Most Americans harbor desires for a worthy life. But we are increasingly confused about what such a life looks like. Young people are especially at sea — regarding work, family, religion, and civic identity. The true, the good, and the beautiful have few defenders; the higher cynicism mocks any innocent love of wisdom or country. Yet if liberated from the prevailing cynicism, young Americans will readily embrace weighty questions and undertake serious quests for a flourishing life. All they need is encouragement.

On Tuesday, February 13, 2018, colleagues of AEI’s Leon Kass came together to share insights and critiques of his new book, Leading a Worthy Life: Finding Meaning in Modern Times (Encounter, 2017). Dr. Kass opened by describing the book’s intellectual origins—encouraging more young people to return to the weighty questions in life.

Mona Charen of the Ethics & Public Policy Center covered the first section of the book, which discussed the decline of traditional courtship. Although she agreed with Dr. Kass’ worries about dating apps and social media, she challenged him to embrace the opportunities they provide. Loyola University’s Diana Schaub responded to the second section, which examined the human pursuit of perfection, reflecting on sports, scientism, and biotechnologies.

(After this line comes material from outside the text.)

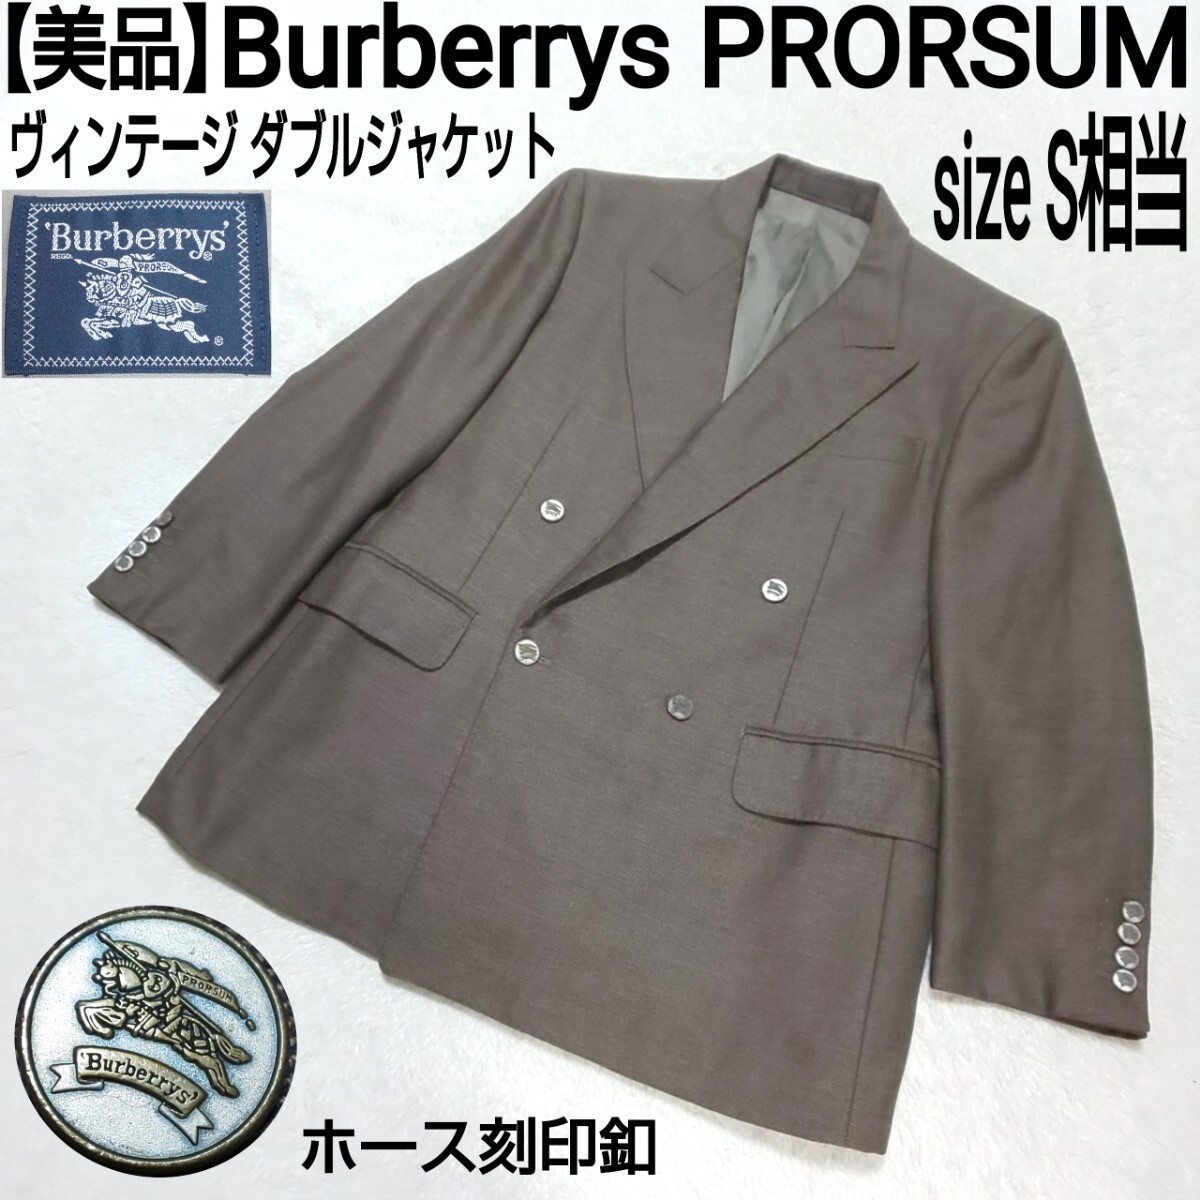 【美品】Burberrys PRORSUM バーバリープローサム ヴィンテージ ダブルジャケット テーラードジャケット ホース刻印釦 ブラウン S相当の画像1

The Hoover Institution’s Peter Berkowitz discussed the third section, arguing that the decline of free discourse and due process on college campuses does a disservice to students. He emphasized the need to cultivate an appreciation of the classical humanities and to “put science in its place.” The Hudson Institute’s Christopher Demuth covered the final section, which reflects on the Nicomachean Ethics, the Ten Commandments, and the Gettysburg Address. He argued that these works touched on the fundamental questions of individual freedom and stand in contrast to modern ideas.